Nagellackfarbe, die ich besitze: 17
Nagellackfarbe, die ich brauche: 3
Nagellackfarbe, die ich bereit wäre, wegzuwerfen: 0
Meine Schöne, du kannst dir nicht vorstellen, wie anstrengend die letzten Wochen waren. Es gab schampar viel zu tun. Ich war sowas von angepisst, du glaubst das kaum. Naja, im Grunde bin ichs noch. Weisst du, auf alles und jeden. Auf all das, was mir schräg kommt und mir damit meinen Alltag versaut. Emotional oder körperlich spielt keine Rolle.
Ich habe meine Kinder schon netter gefunden, mein Kerl nervt mich, und die Stadtner machen mich sauer. Nur, meine Liebe, habe ich keinen Grund dafür. Alles fucking Alltag von mir, als Mutter und Frau.
Mein Kerl und ich streiten so gut wie nie. Lämpä, die gibts tagtäglich. Heute gehts ums Ausmisten. Dieser Kerl will mich um Herrgottswillen nicht verstehen. Er kann nicht loslassen. Möchte ich was Neues anschaffen, kann das dem Alten nicht das Wasser reichen. Das Alte muss bleiben. Er kann sich schlecht trennen. Die Dinger werden irgendwo zuunterst und zuhinterst im Schrank verstaut und vergessen. Drehbänkli, Marke Selberbau mit Jg. 82, nie gebraucht und Dampflokis verstauben im Keller. Genau wie die alte schwarze Töfflederjacke aus den 80ern. Meine Liebe, du kennst beides. Jacke und meinen Kerl. Die Frage, ob er da (noch) reinpasst, erübrigt sich. Egal, es wird behalten, denn du weisst nie, ob dus wirklich nicht mehr brauchst. Ein weiteres Kriterium zum Behalten ist: Es wurde geschenkt.
Über alte, nicht mehr getragene Hosen, T-Shirts und Socken streiten mein Kerl und ich gerne. Er will alles behalten, ich will mehr Luft im Kleiderschrank und möchte es entsorgen. Zum gefühlten tausendsten Mal diskutieren wir. «Miste du deine Nagellackfarben aus und dann, erst dann, reden wir über meine alten Kleider.» Ich trau meinen Ohren nicht. Ma Belle, stell dir das vor. Meine Nagellackfarben ausmisten soll ich. Ich bin eine Frau. Ich brauche all die Farben.
Na gut. Zurzeit habe ich die stumpfen Fingernägel eines Tunnelbauers. Viel zu kurz. Ich muss sie wieder wachsen lassen. Weisst du, nicht so lang, dass ich kleine Kinder in ein Lebkuchenhäuschen locken könnte.

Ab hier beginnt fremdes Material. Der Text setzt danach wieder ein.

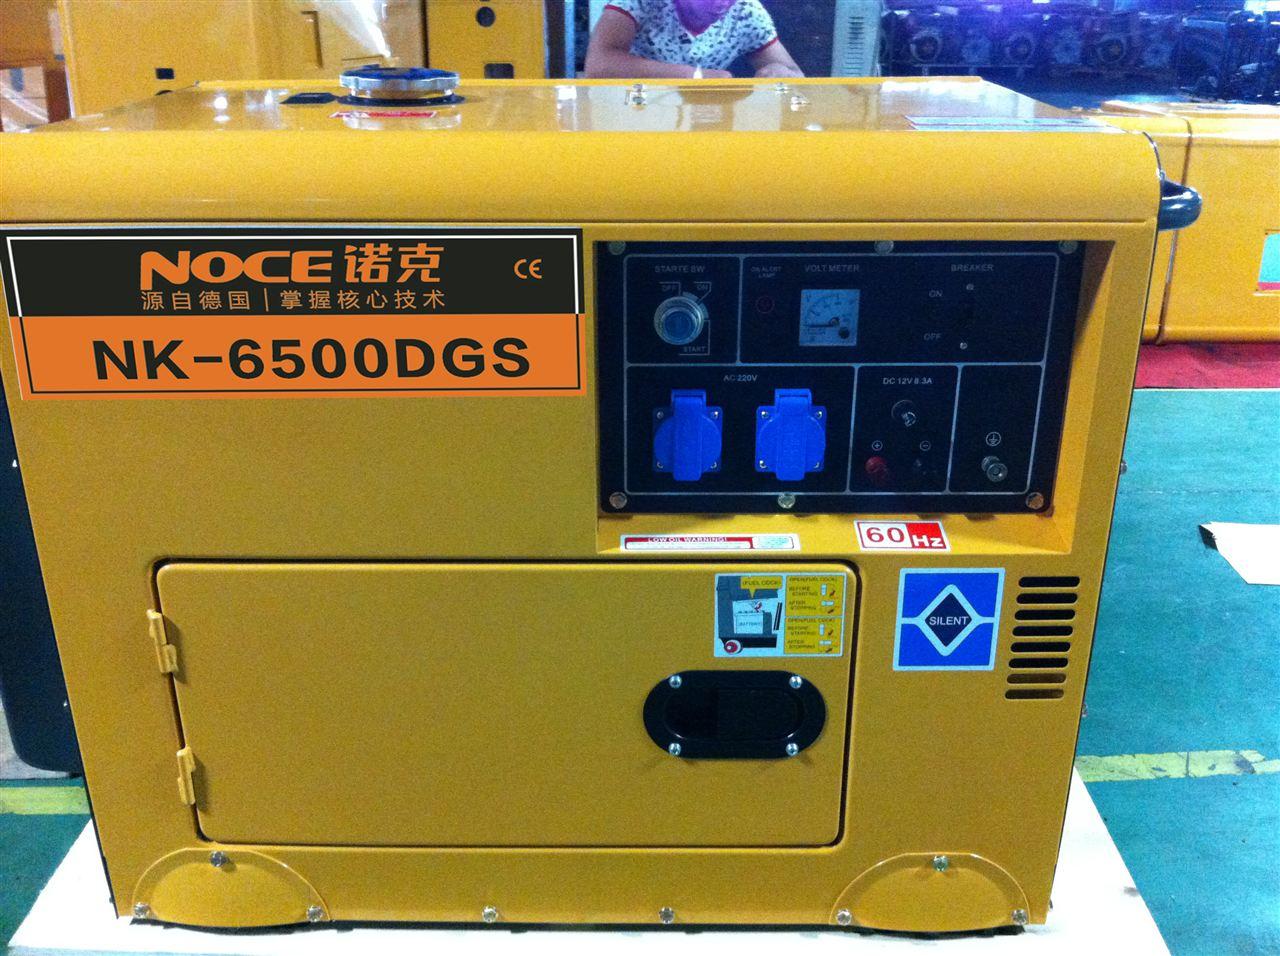 6kw柴油发电机【静音】nk-6500dgs
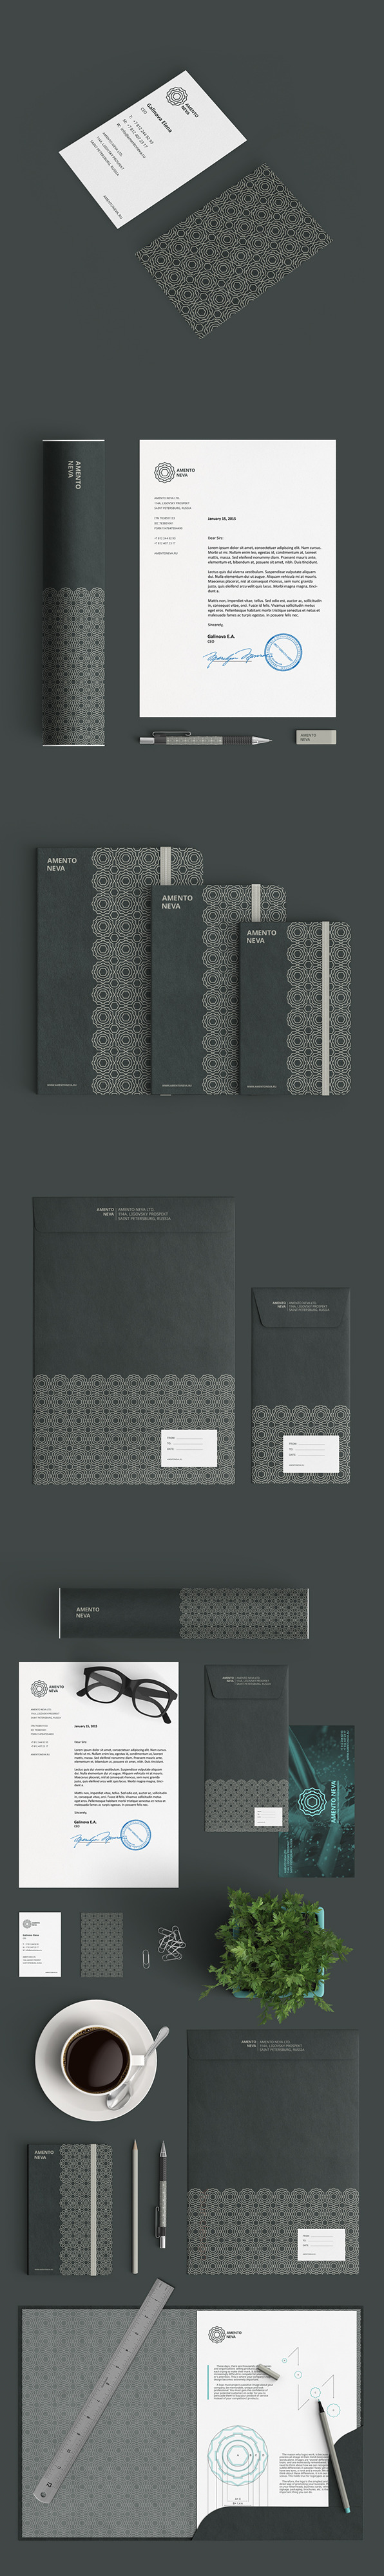 Amento Neva - Branding

Das muss nicht sein. Ich bin keine Hexe. Anderseits könnte ich dir Geschichten erzählen: von bösen Hexen, gefrässigen Wölfen. Der Gehörnte mit dem Pferdefuss. Der trübe Ochsensumpfteich. Die Wirkung von toten, getrockneten Pflanzen und heissem Wasser. Und sie alle haben was Gemeinsames. Am Ende siegen nicht die fiesen Hexen und ihre Freunde, sondern die guten Märchenhelden.